Paradise is an Outlandish Tropical Western Band: Spliff Kazoo & His Fronds
Tiki quintet bring their “slow conga line” and excessive fog to Kinda Tropical on Thursdays
By Kevin Curtin, Fri., Oct. 1, 2021
Spliff Kazoo & His Fronds
Kinda Tropical, Thursdays through OctoberWhile sailing deep in the Pacific, your boat's sunk by a wild storm. The ring buoy you've escaped on floats to a seemingly uninhabited island. Now safe on land, there's nothing to eat except the bag of psychedelic mushrooms that happened to be in your pocket, so you eat all of them and walk into the jungle.
Suddenly, you hear signs of life and run toward the sound. Astonishingly, you've come upon a tropical resort. The tiki-bartender remarks that you look thirsty and hands you a drink in a coconut shell. You sit down and watch the band. It's Spliff Kazoo & His Fronds. Welcome to paradise.

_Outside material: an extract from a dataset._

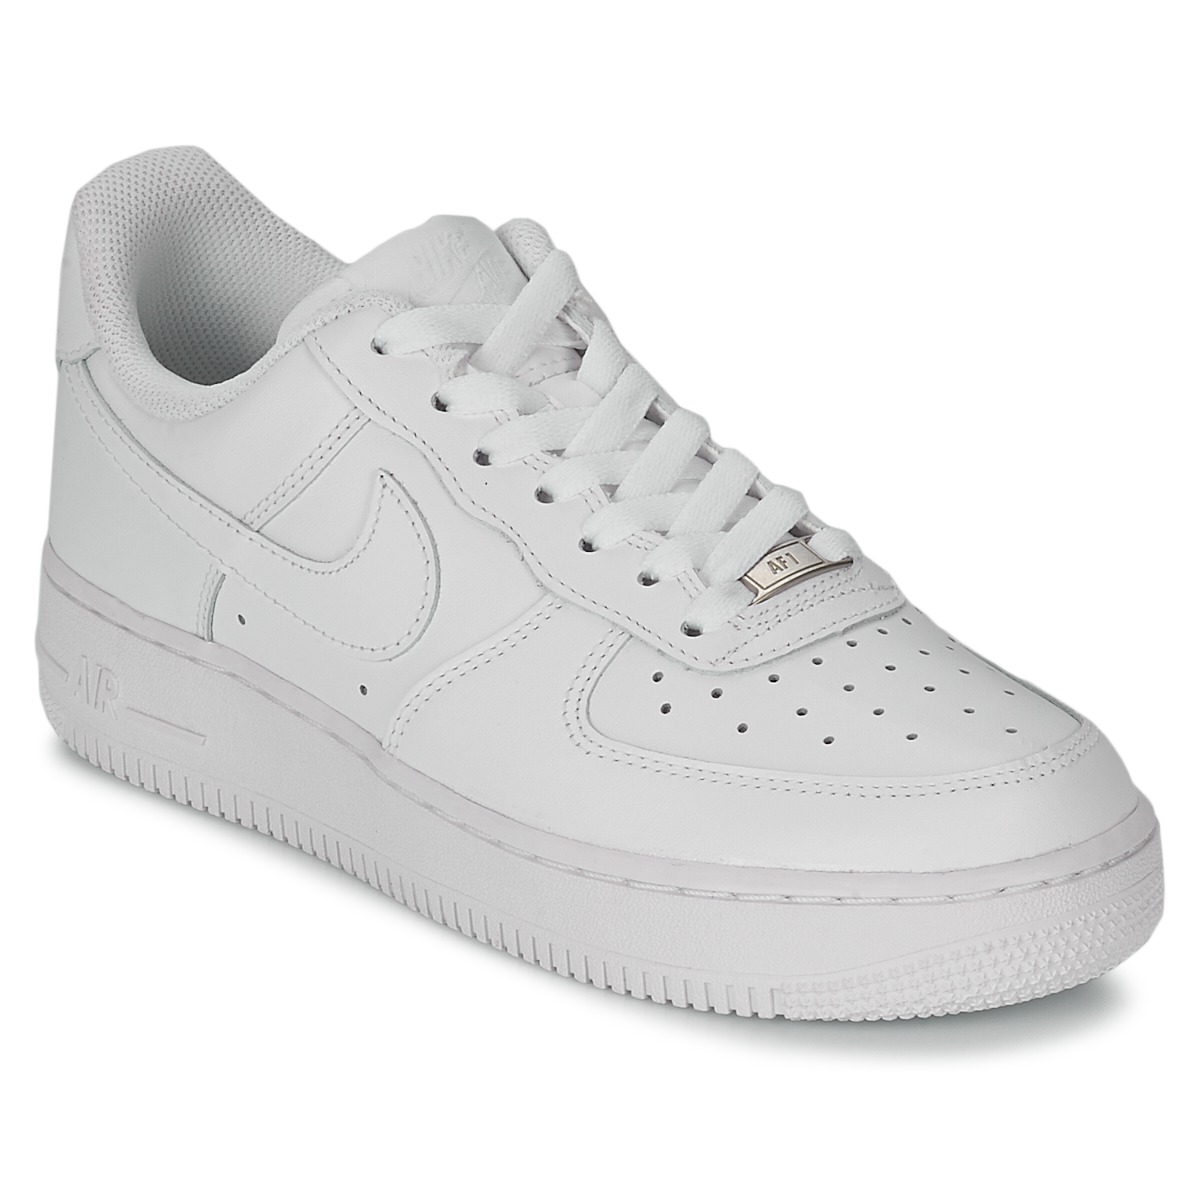 6a0e72ddcb6 Nike AIR FORCE 1 07 LEATHER W Branco - Entrega gratuita com a Spartoo.pt !  - Sapatos Sapatilhas Mulher 103

The Austin quintet, in their Hawaiian shirts and white polyester pants, plays tropical Western music – think Marty Robbins' exotica phase – interspersed with ludicrous gags. They've trademarked the "slow conga line" – not to be confused with when the titular singer dons a sleep mask and bumbles around blindly while the Fronds play steel guitar standard "Sleep Walk." They call their merch table the "Souvenir Palapa," which has its own jingle, and also spray forth an excessive amount of coconut-scented fog.
"A tasteful amount of fog is really boring to me," reasons Mr. Kazoo.
The band – lap steel, bass, guitar, and percussion – plays consummate renditions of island-adjacent classics like "Blue Bayou" and "Tiny Bubbles" with a feel-good flair that the singer insists emanates from genuine appreciation for tropicalized tunes.
"We don't take ourselves seriously, but this is not an ironic band," he states. "We like these songs, we play them the best we can, and we do comedy."